* [EXERCISE PROMPT] Reproduce the lines below exactly, from the one containing "BorBoLeta(ボルボレッタ)ヘアカラーチョーク イエロー" through the one containing "Nike Sportswear Chaqueta", both included. Leave out any pictures.

* [GIVEN INFORMATION]
○ ○ ○

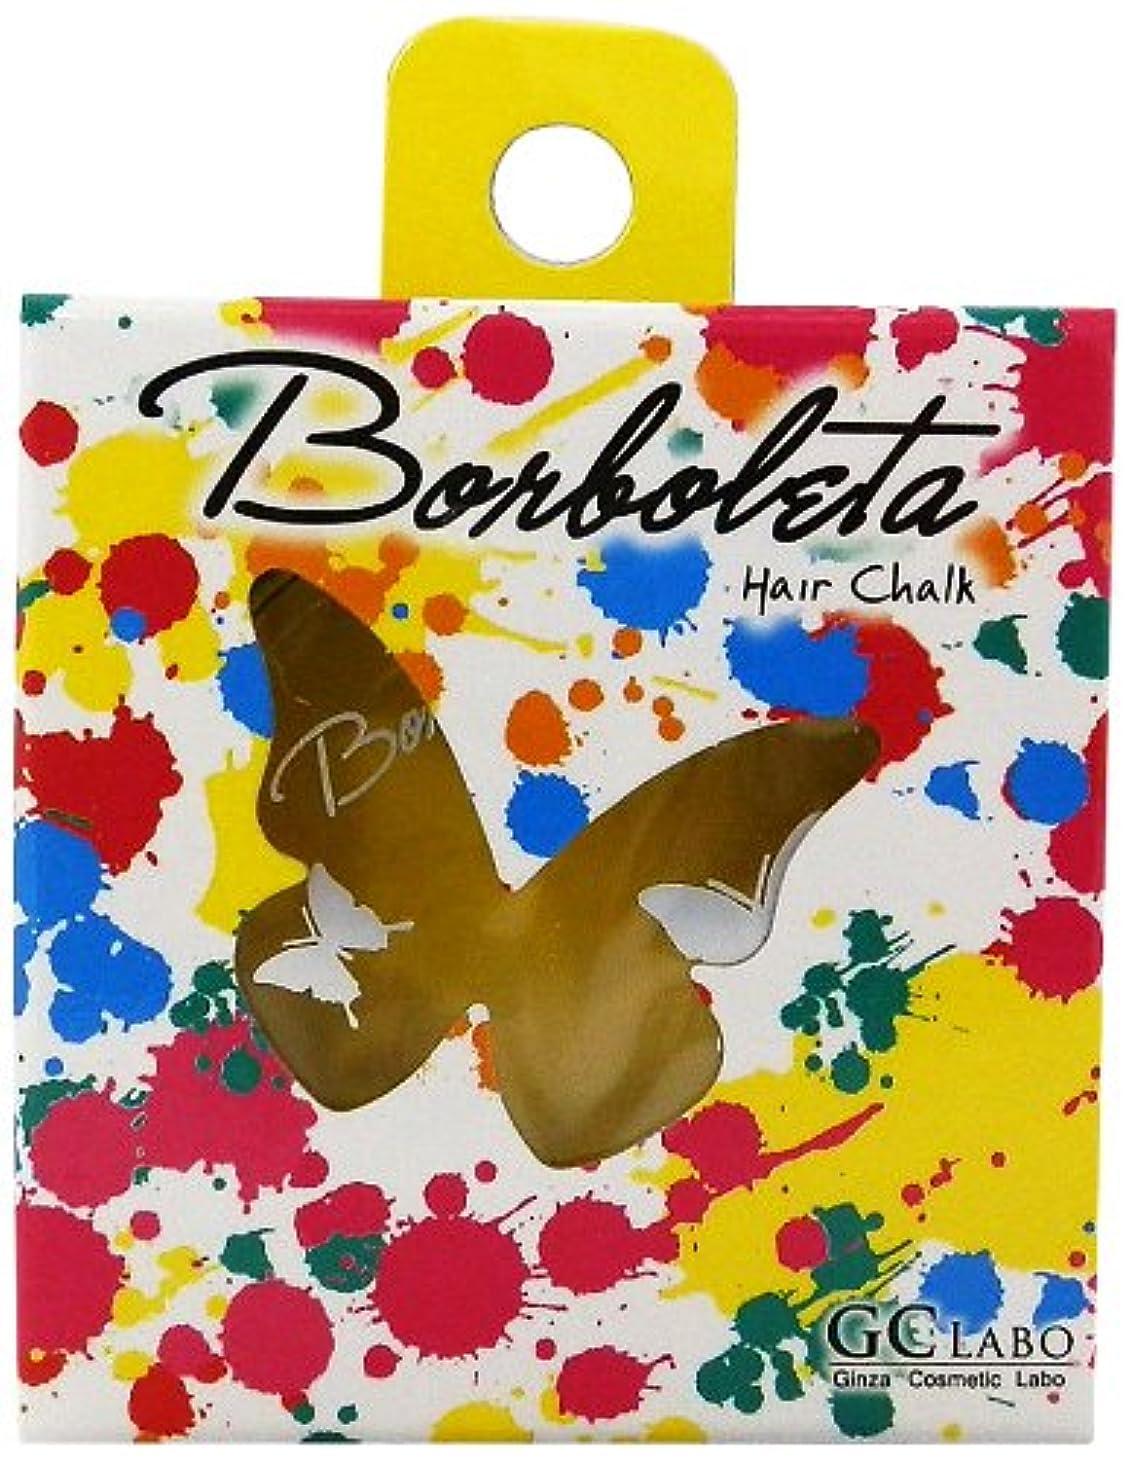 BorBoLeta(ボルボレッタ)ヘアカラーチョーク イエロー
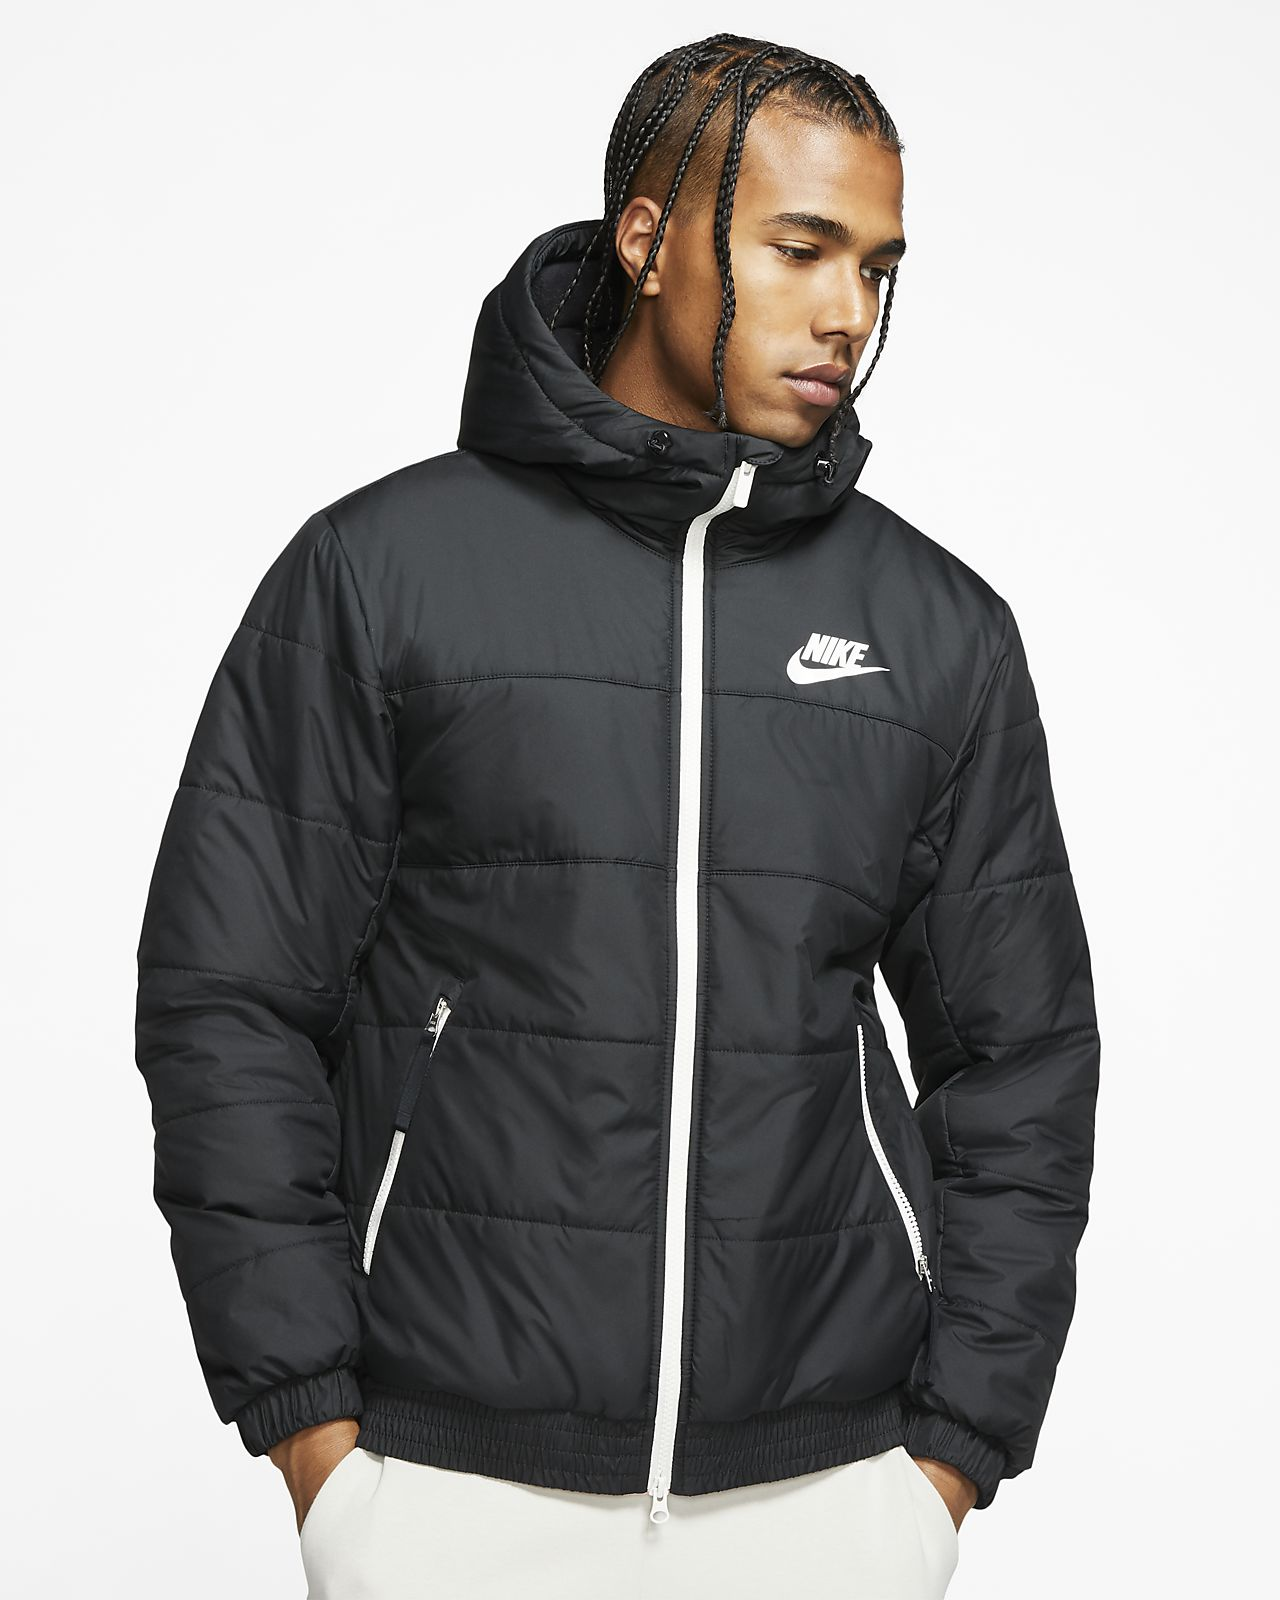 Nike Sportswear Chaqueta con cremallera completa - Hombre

○ ○ ○

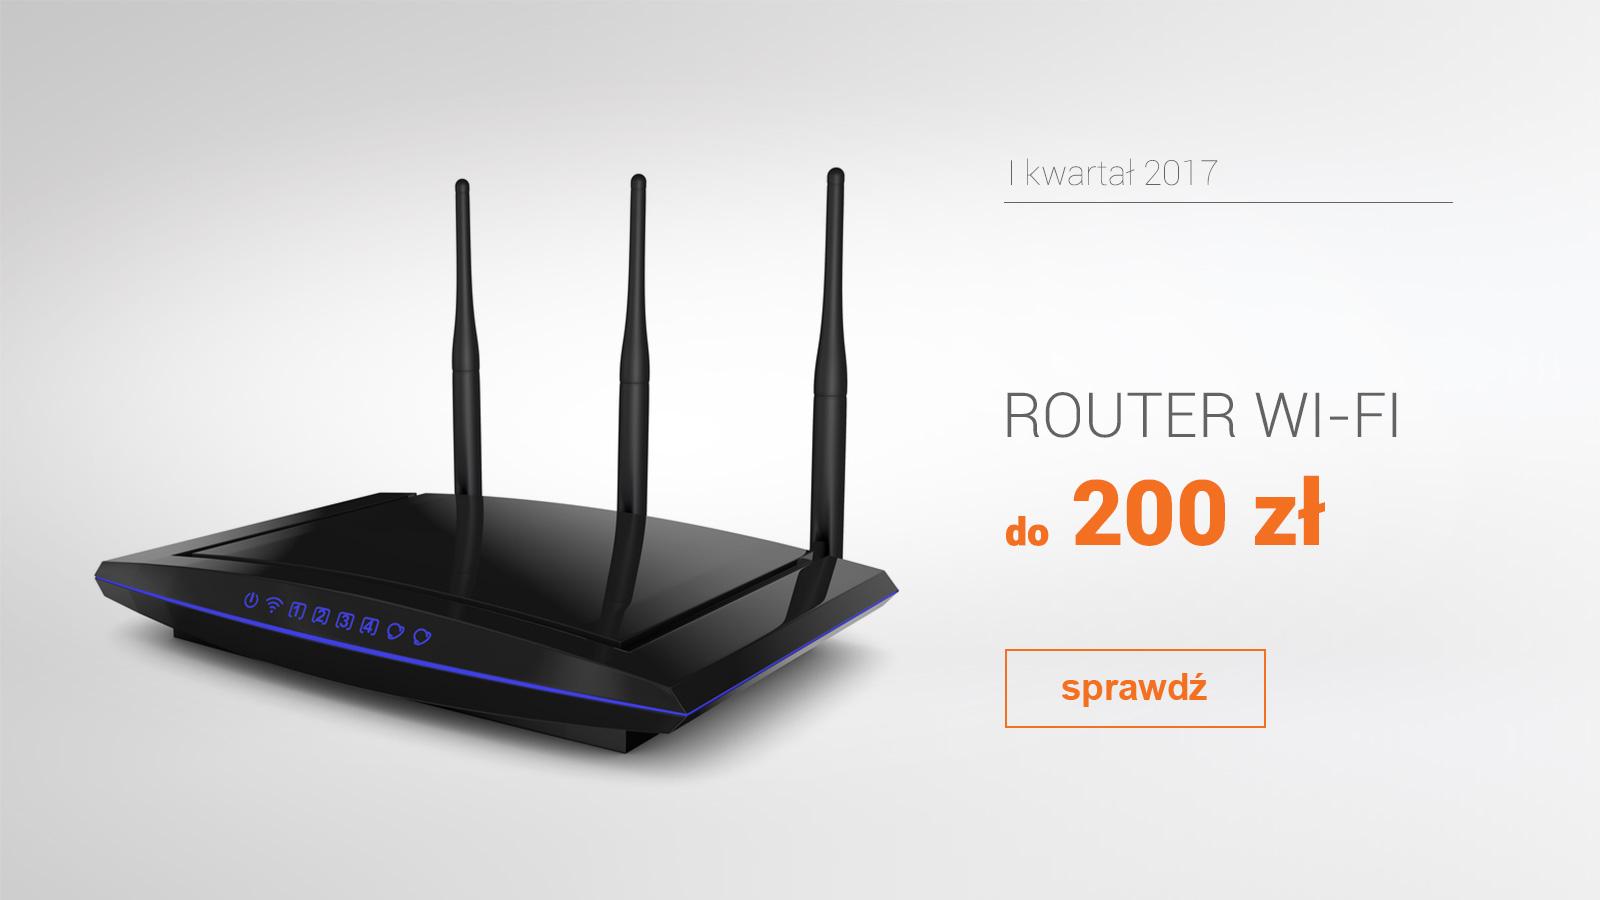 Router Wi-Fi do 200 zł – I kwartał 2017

○ ○ ○

* [ANSWER BOX]
 BorBoLeta(ボルボレッタ)ヘアカラーチョーク イエロー
 Nike Sportswear Chaqueta con cremallera completa - Hombre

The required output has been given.